The first few years of our relationship it seemed like I could kinda do no wrong. I recall a specific talk we had where he said, "You know, in all my past relationships I was often upset with them for things they did or how they 
treated me and I don't get upset with you like that." Well, that was then....now I annoy the hell out of him. When he's playing clean-up from a fight
all is fine, but our regular days are tough. It's almost like he has no filter or doesn't understand how his words stop me in my tracks and make it really hard
to want to be near him. He drops many little bombs all through out the day and 5 minutes later he's trying to hug me, kiss me, poke my side or joke about
everything. Sometimes I get eye rolls when I ask for help with the kids, which seem to come out of nowhere. I get huge 
exhales if I want to bathe on the weekend while the kids are awake. I get complaints about not cleaning the floor or doing the dishes. Though I actually
trully feel like he loves me and would be devastated if we did divorce, it doesn't feel like he even likes me like a good friend.
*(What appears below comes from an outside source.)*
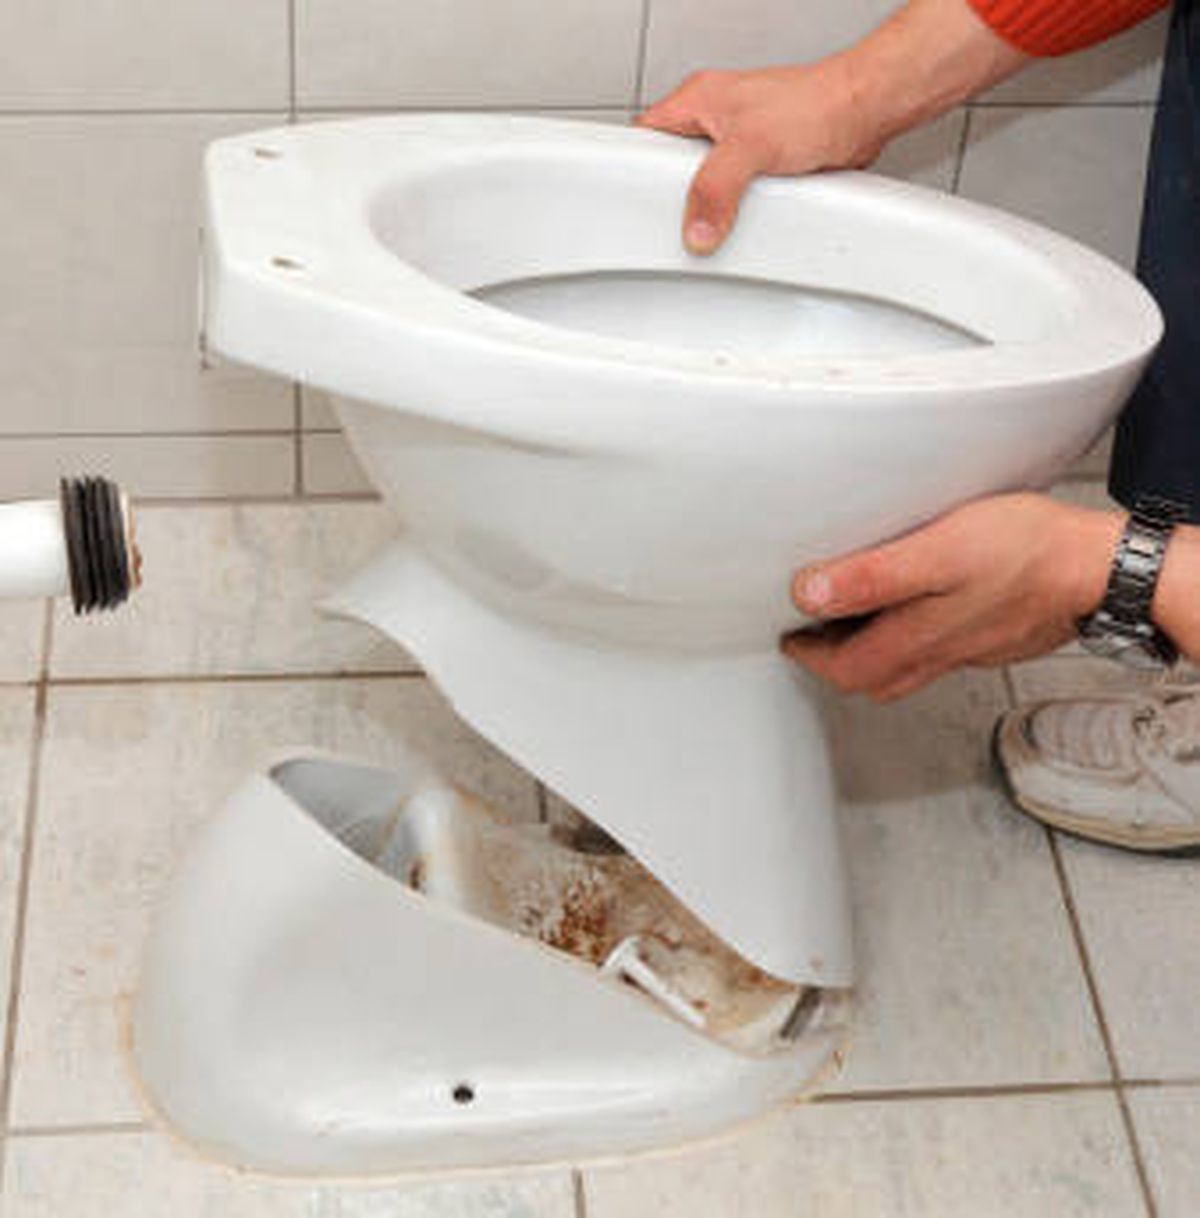 Toilet goyang dapat menyebabkan kebocoran air

He doesn't get 
engaged in many of the conversations that I start, even
if they are important in nature. However, when he talks I ask questions to show interest and he talks over my questions. Why? Because he's talking. 
Now I realize he may seem different than he truly is to strangers reading this. He's not an abusive, demeaning guy, but it is more like being 
in an immature marriage with an annoying brother. It gets lonely. If he's not mad at me he's making jokes....constantly. 
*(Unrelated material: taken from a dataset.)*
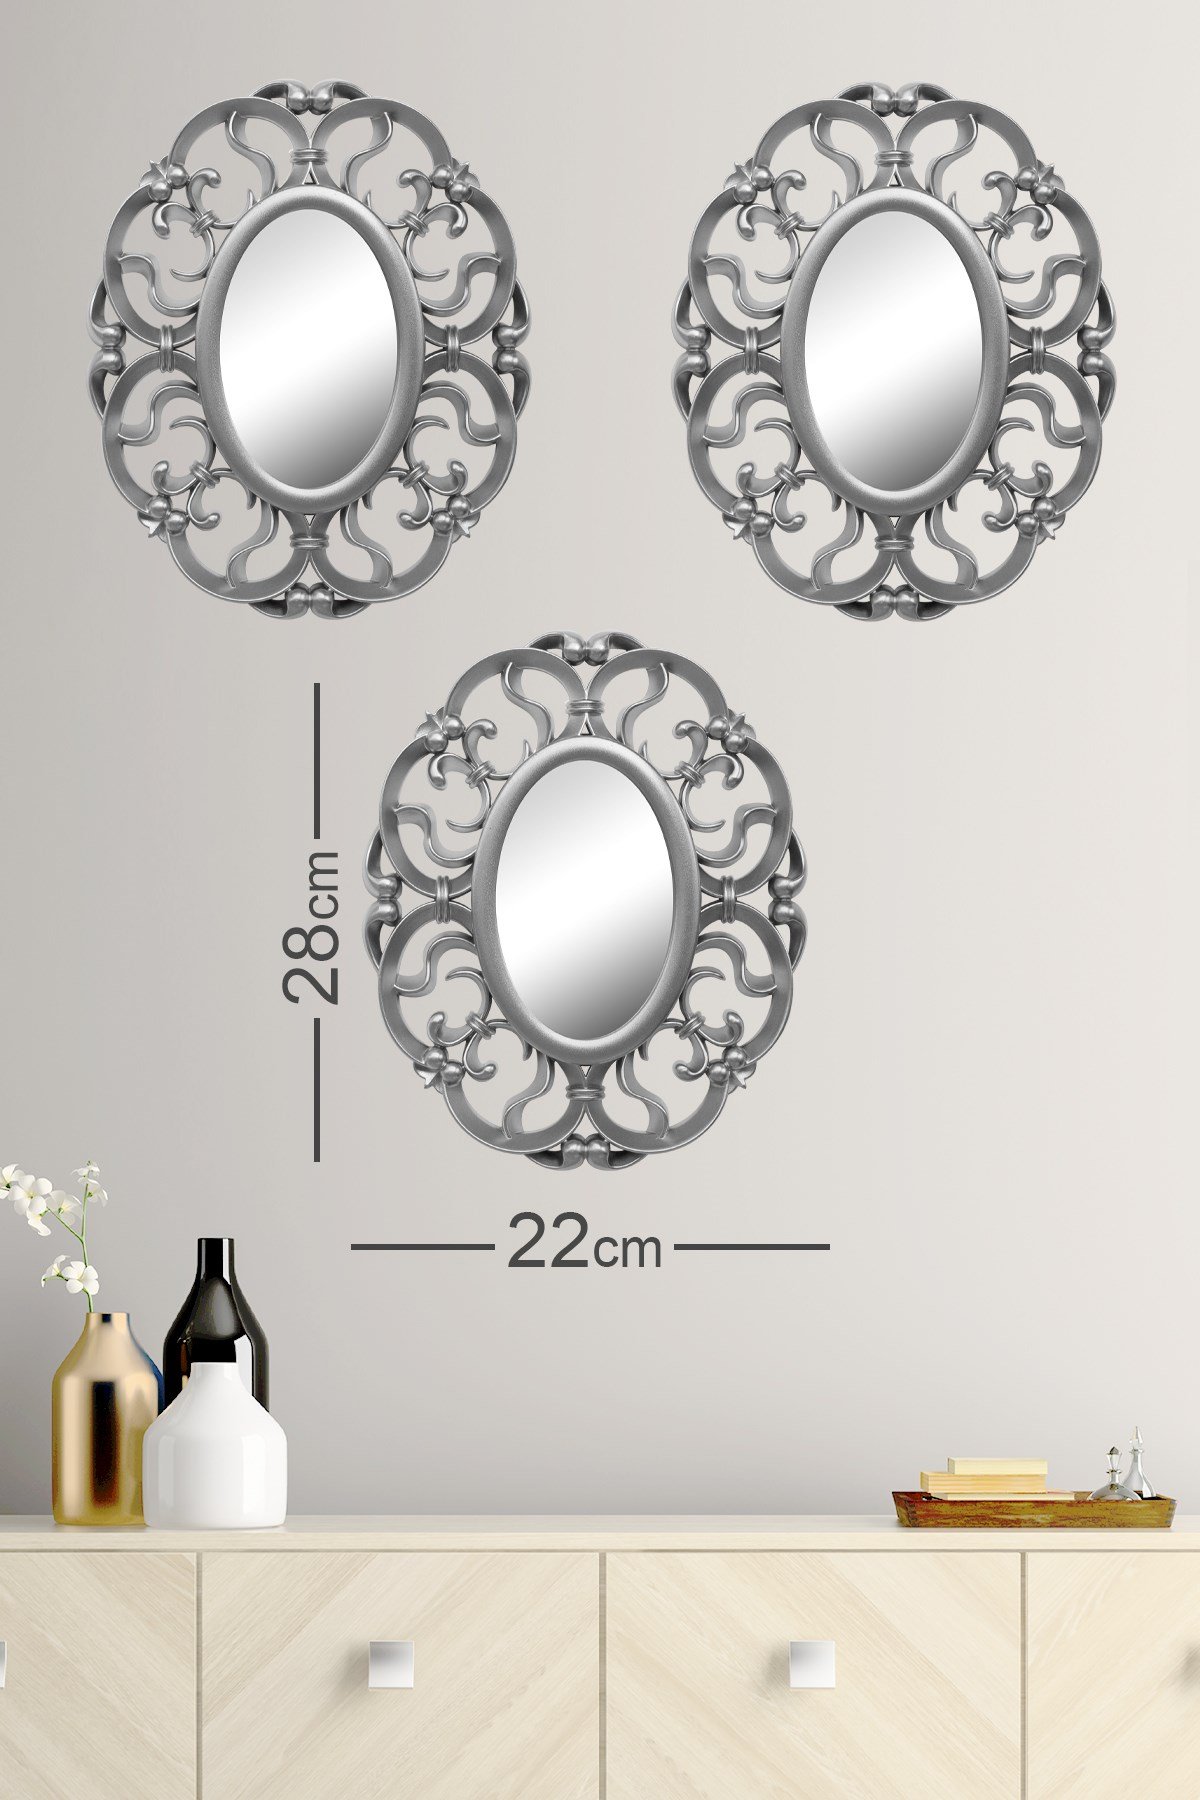 Aynalı Duvar Saatleri Fiyatları ve Daha Birçok Dekoratif Ürün | MuyikaDesign

In between all of this frustration has been the wonderful world of porn. Ugh. I use to be a big fan of porn. When I was single I watched plenty on my 
own and in relationshiops I've been one to want to watch some here and there. I now have grown to (sorta) hate it. Back in the day when I wanted more
sex than my husband, I found out that he was viewing lots of online porn when I went to bed. Man, that hurt so bad! Porn seems like an ok thing but when
it means that you are not connecting with your significant other? Come on...give your wife some lovin. I eventually found out that he was watching cam girls. I don't believe
he ever paid (you can see many live and free) but that was crossing the line to me in a huge way and I told him this. I let him know that I was really, really 
not ok with this. He said it wouldn't happen again but he didn't understand how sharing fantasies with a live girl and seeing her naked (etc) was not ok with me. So he stopped and all 
was good and then time went by and he was caught again and this has repeated. You know, it didn't really stop. Last December was the worst. I came home 
early from vacation and he was at work. I found many pics of women that were of sexual nature and obviously amature (cam girls). I also found a picture of his penis that he 
was sending to these girls.
I went to sign into my aol e-mail account and their was a sexual log-in name there. Mind you, my husband, supposedly, doesn't even have an aol account.
I did a search online of that e-mail and his picture showed up, though it was clear it was his since only he and I use the computer.When my husband came home
he denied everything. EVERYTHING. The penis picture wasn't even a recent pic, according to him, and even after I showed him that the date was on the pic
he STILL denied it! It took many hours (like always) for him to sorta admit to half of it. I do not think
that my husband technically cheated on me and I don't believe he was trying to, but some kind of serious, sexual play was going on. 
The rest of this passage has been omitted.